**Task instructions:** Where the line containing "ECOWAS states yet" appears, begin retyping; continue exactly through the final line of the data. Omit every picture.

**Given data:**

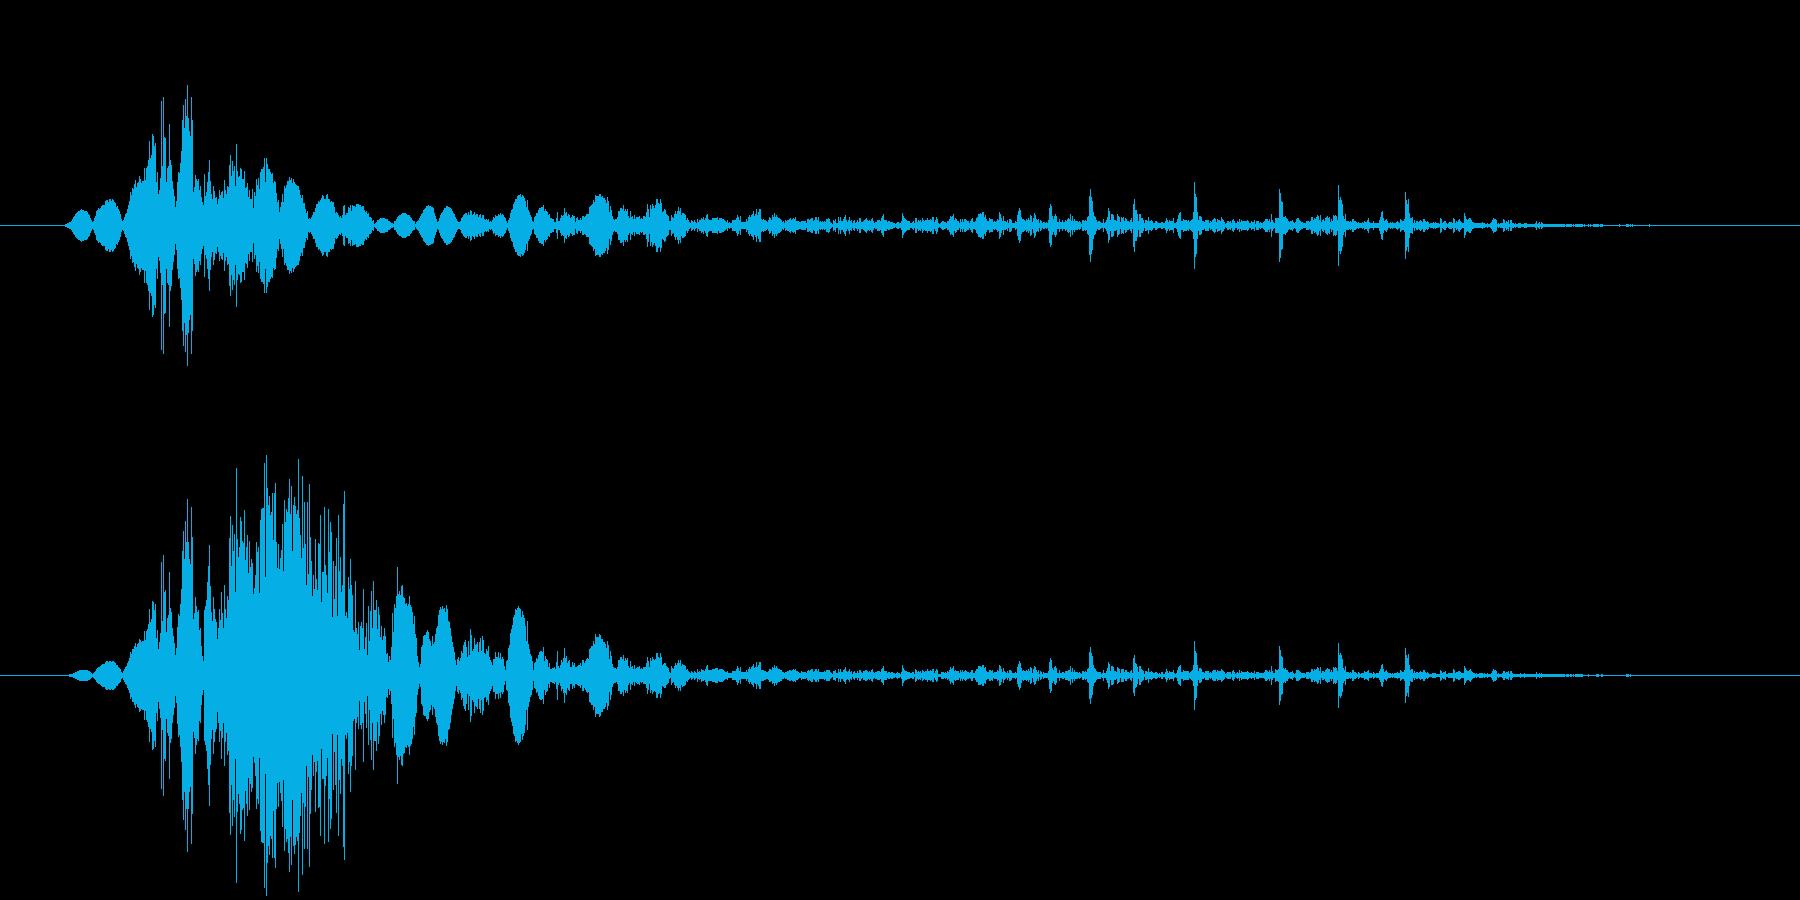 鞭(ムチ)で攻撃する効果音 08bの再生済みの波形
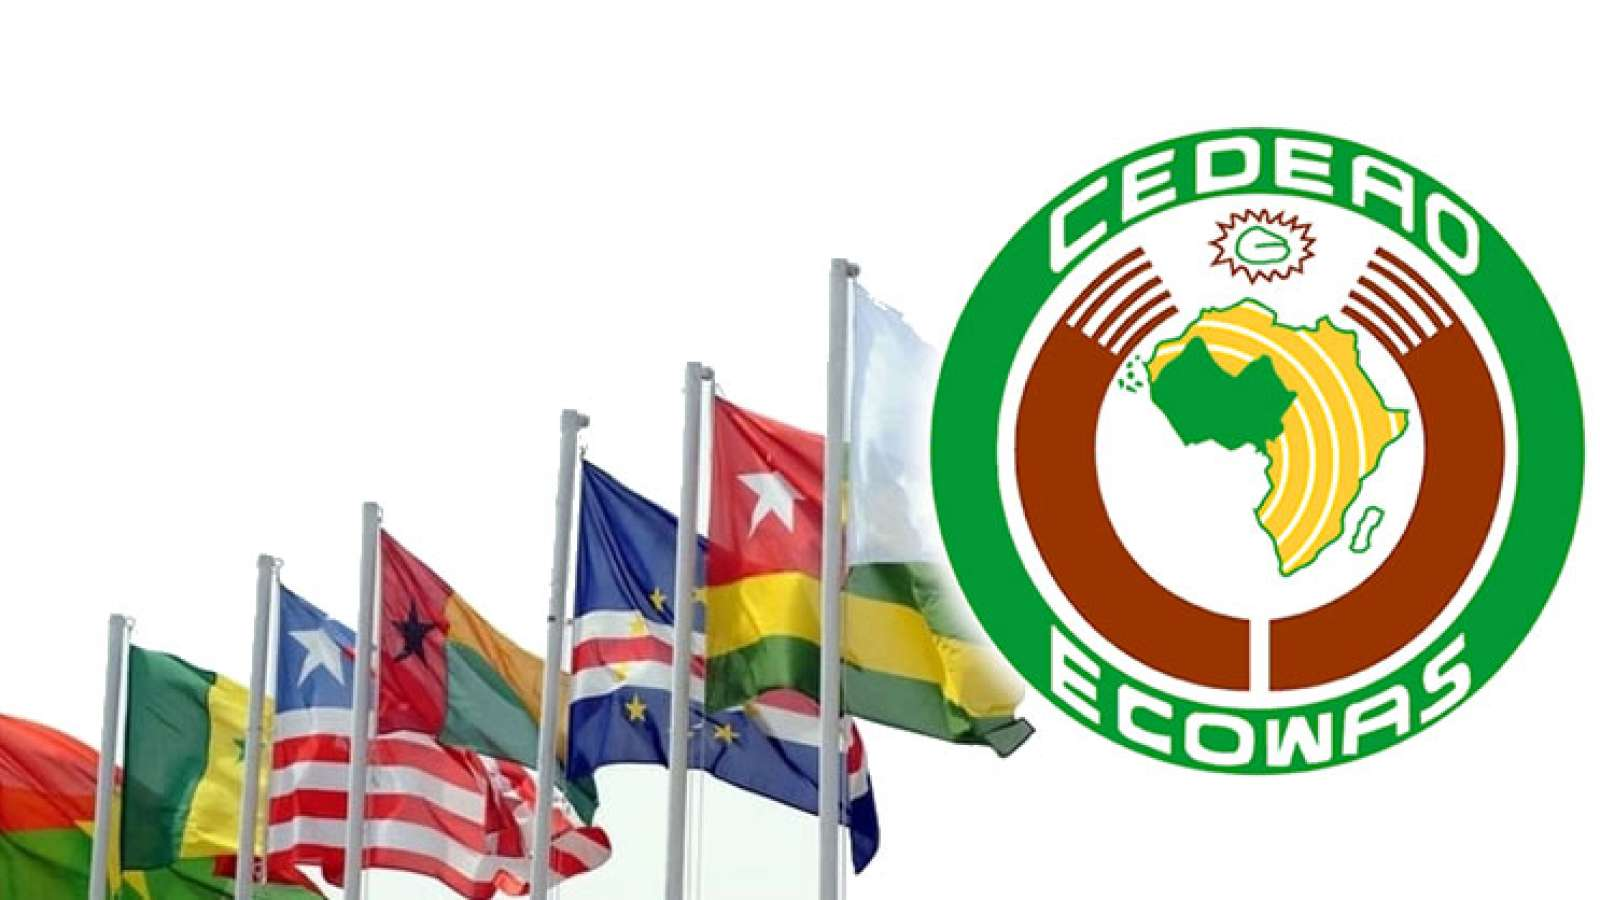 ECOWAS states yet to meet macroeconomic criteria – Economist
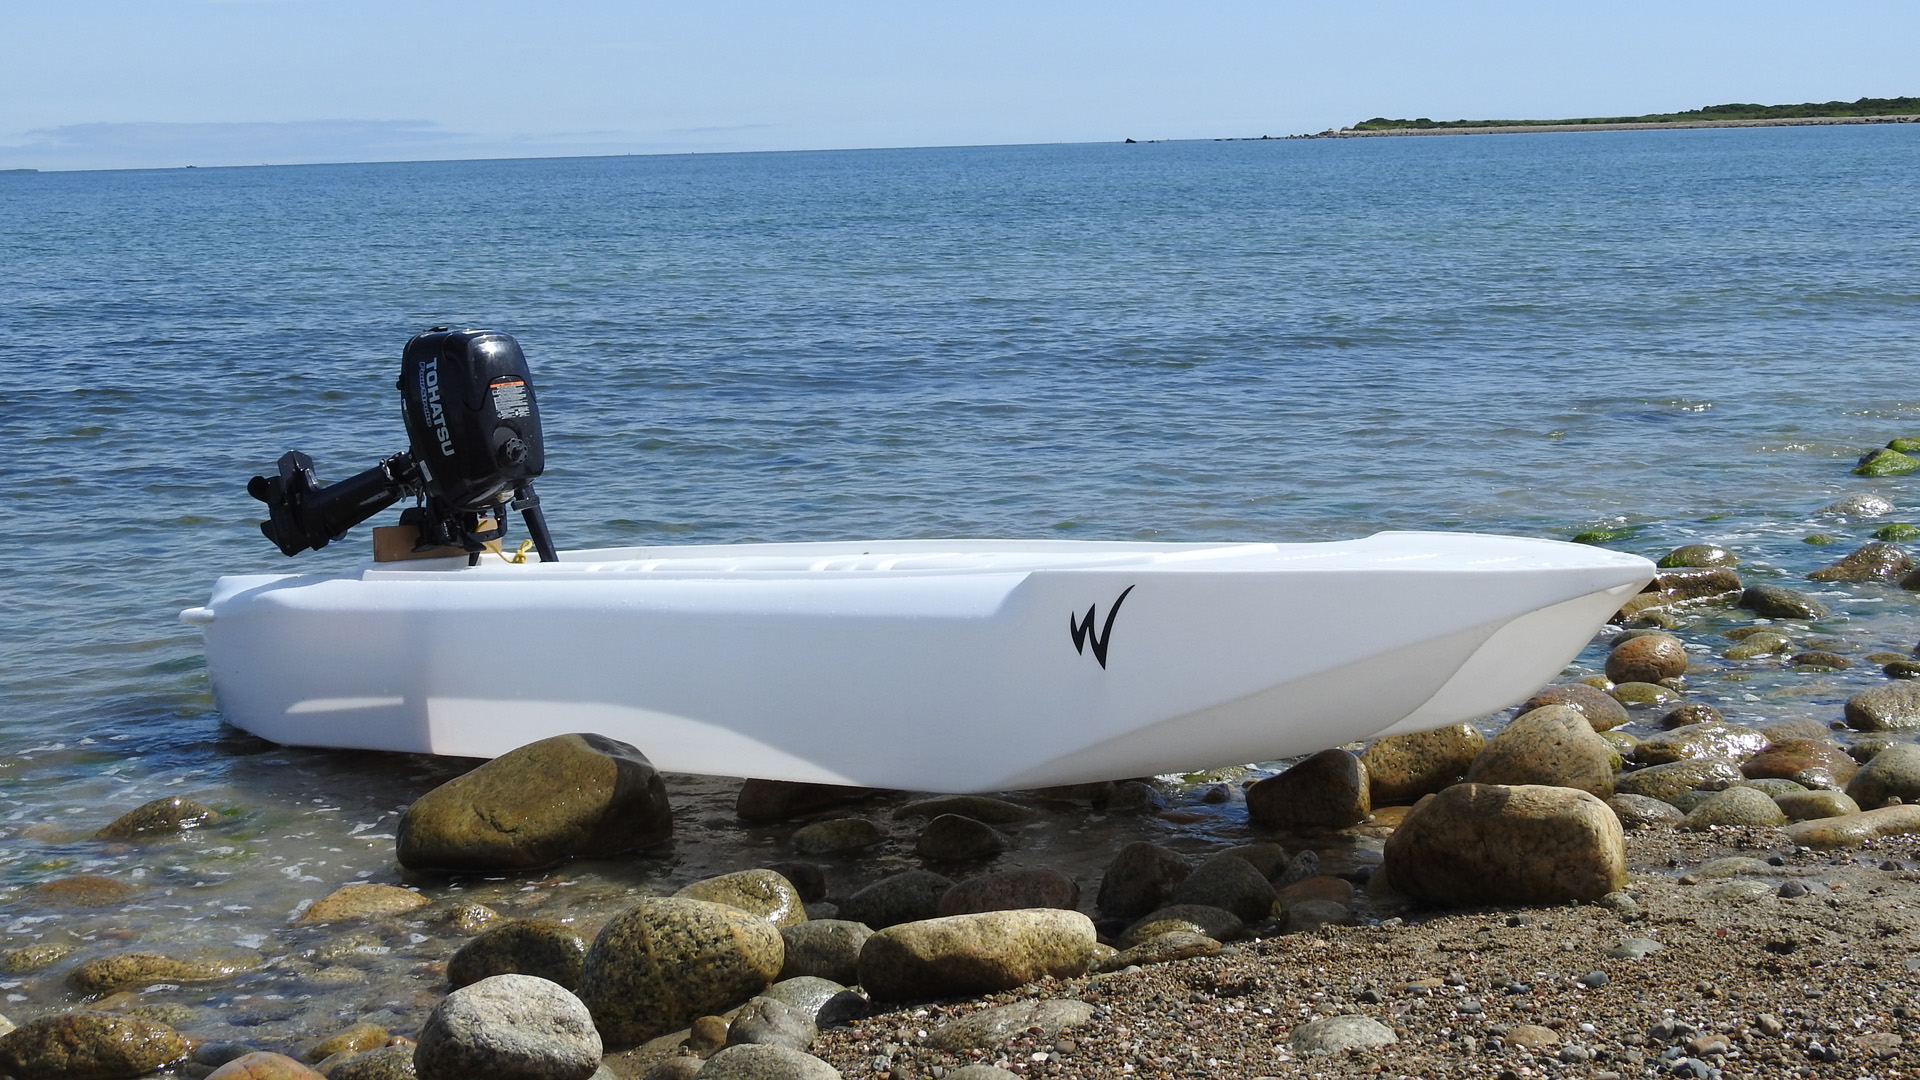 S4 skiff, Massachusetts

**Result for this task:**
 ECOWAS states yet to meet macroeconomic criteria – Economist
 S4 skiff, Massachusetts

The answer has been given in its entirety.